● Dataset excerpt:

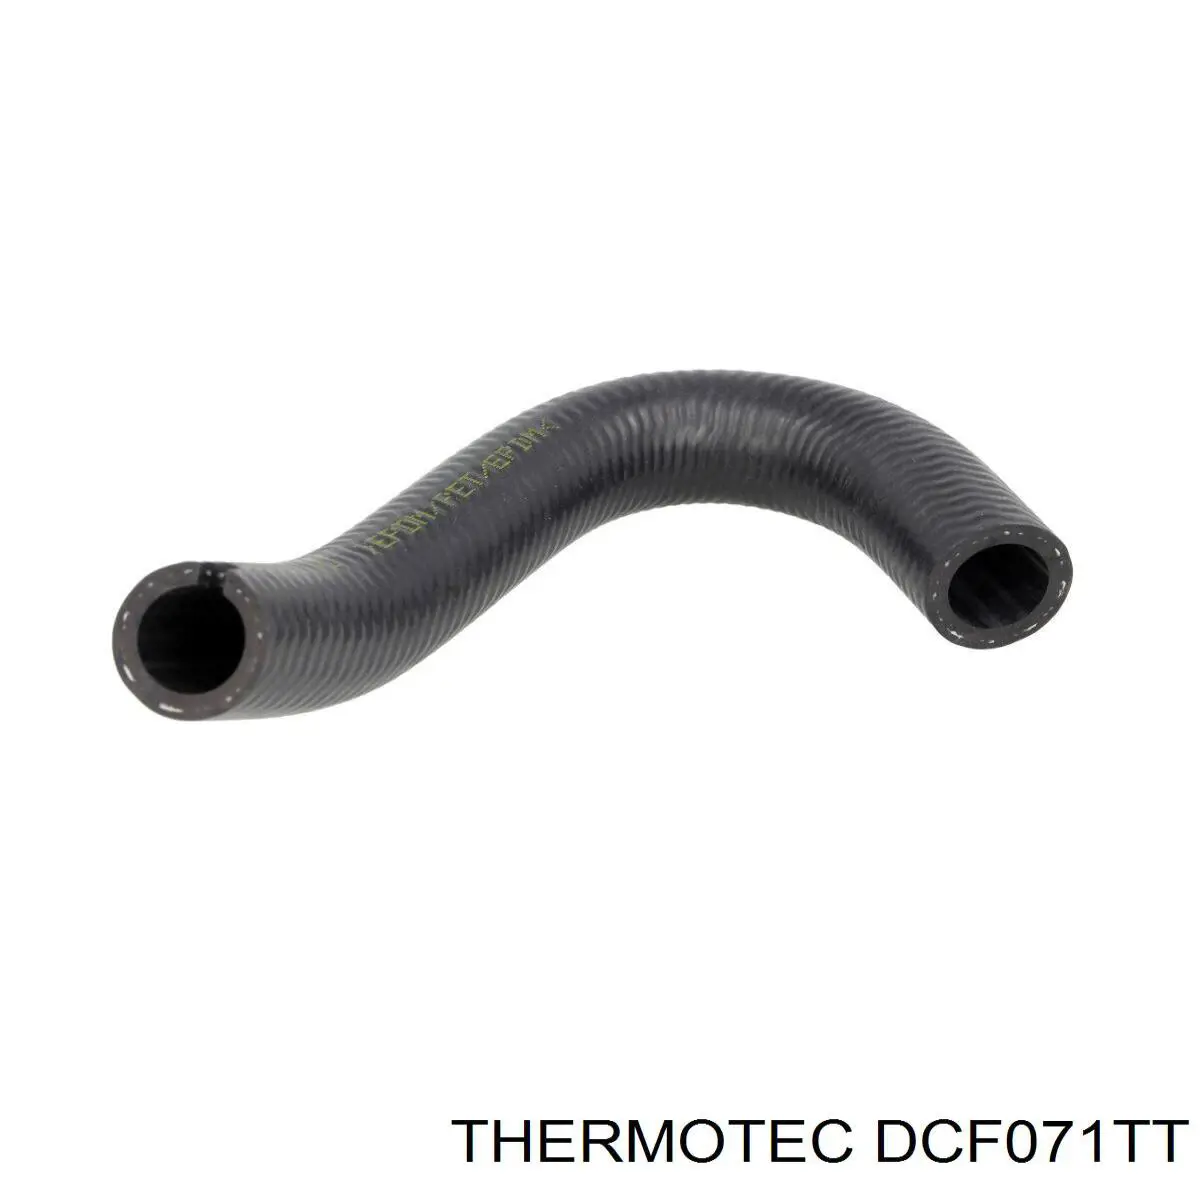 DCF071TT Thermotec manguera tuberia de radiador (gases de escape)
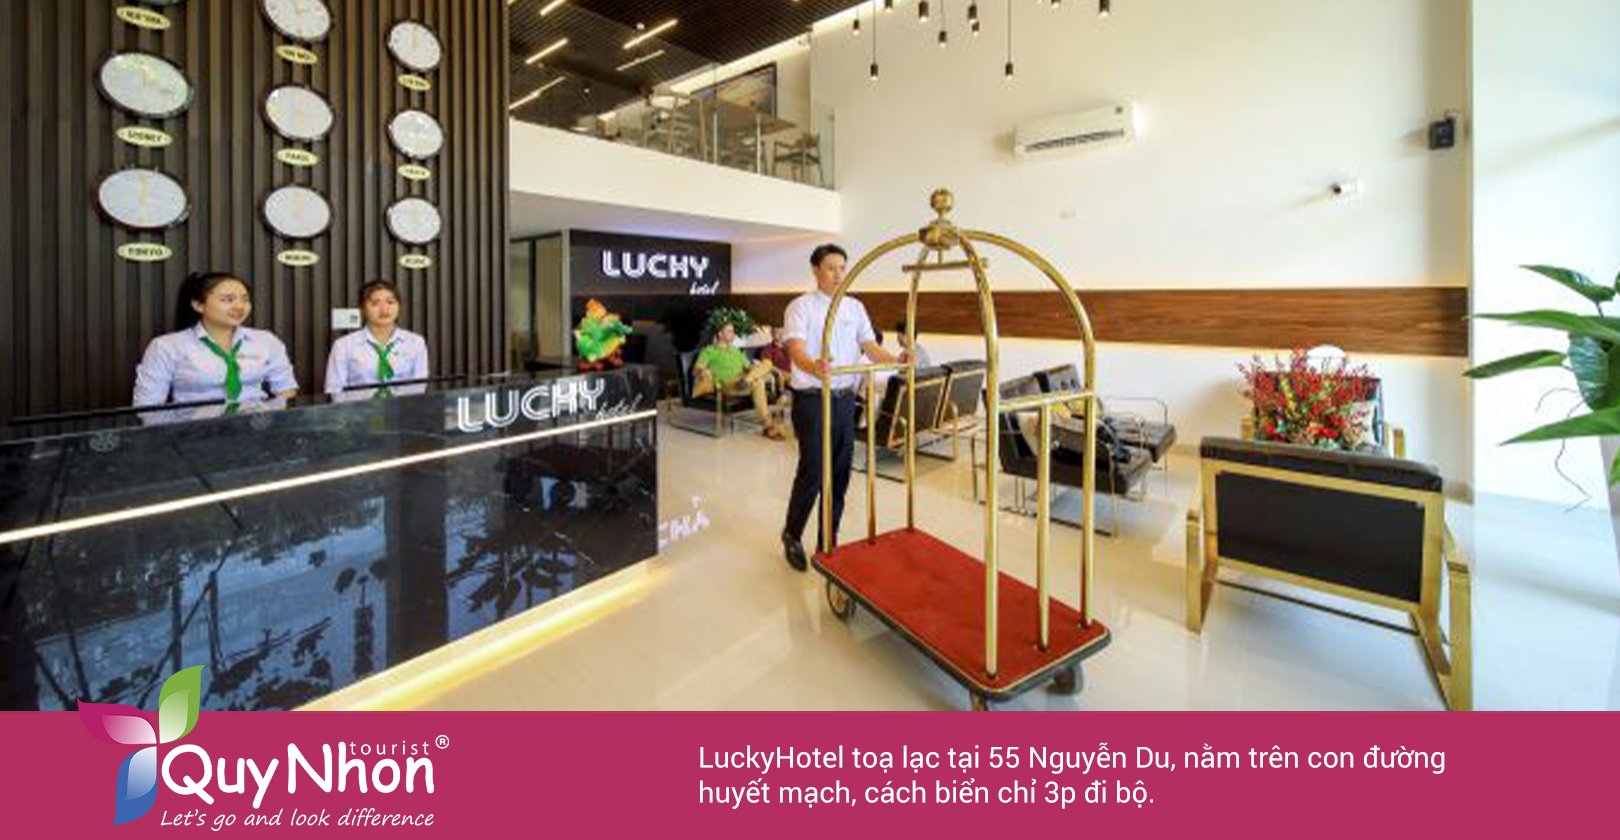 Lucky Hotel: Mang sự thoải mái cho những chuyến ghé thăm
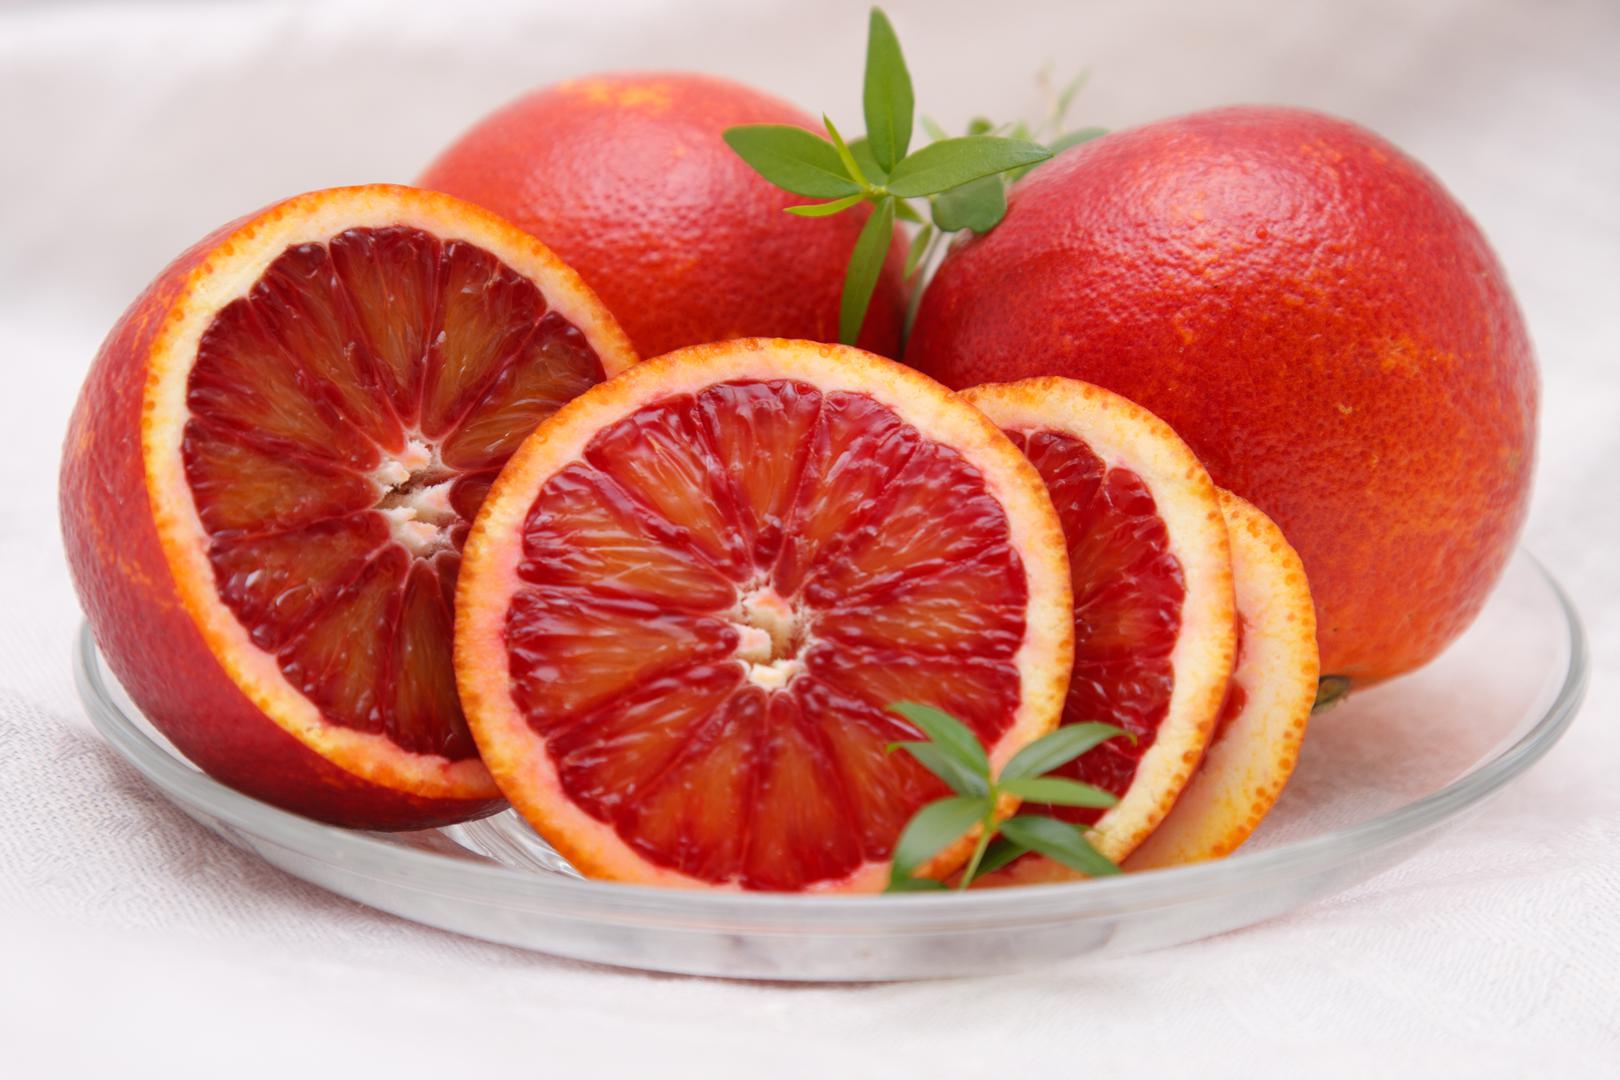 Naranče - Naranče nećete u supermarketima naći u hladnjaku, ali upravo biste ih tamo trebali držati dok ih ne konzumirate. Nakon branja, počinje opadati količina vitamina C u njima, a taj se proces usporava na nižim temperaturama. 
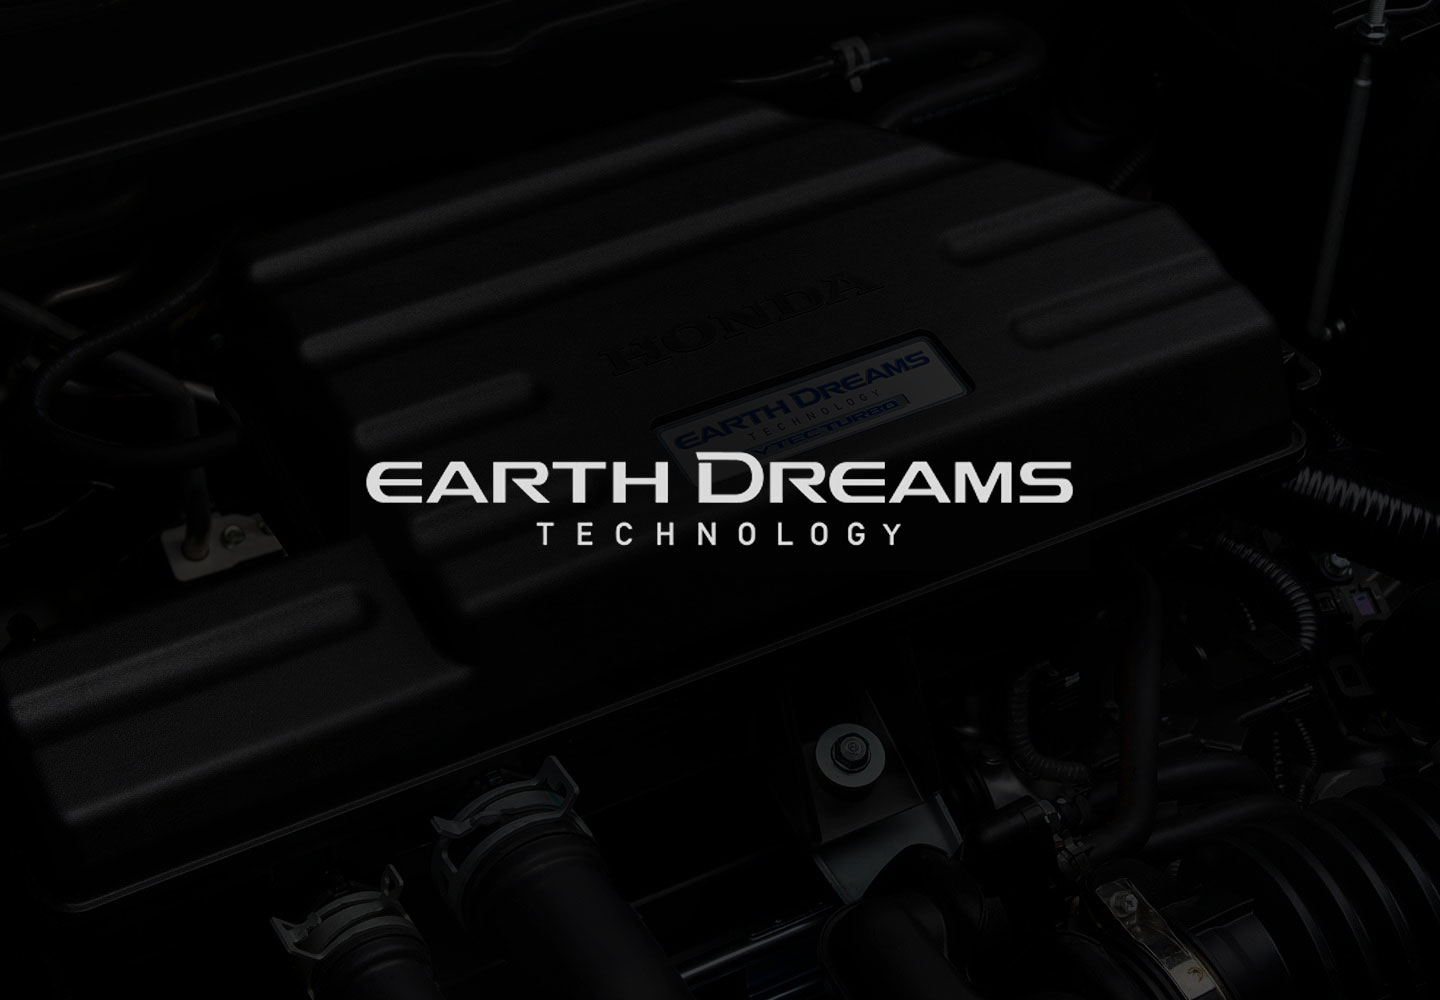 Earth dreams technology*

● What needs to be done: Set down word for word each line from the one containing "Naranče - Naranče" through the end of the material, and keep the pictures out of it.

● Solution:
 Naranče - Naranče nećete u supermarketima naći u hladnjaku, ali upravo biste ih tamo trebali držati dok ih ne konzumirate. Nakon branja, počinje opadati količina vitamina C u njima, a taj se proces usporava na nižim temperaturama. 
 Earth dreams technology*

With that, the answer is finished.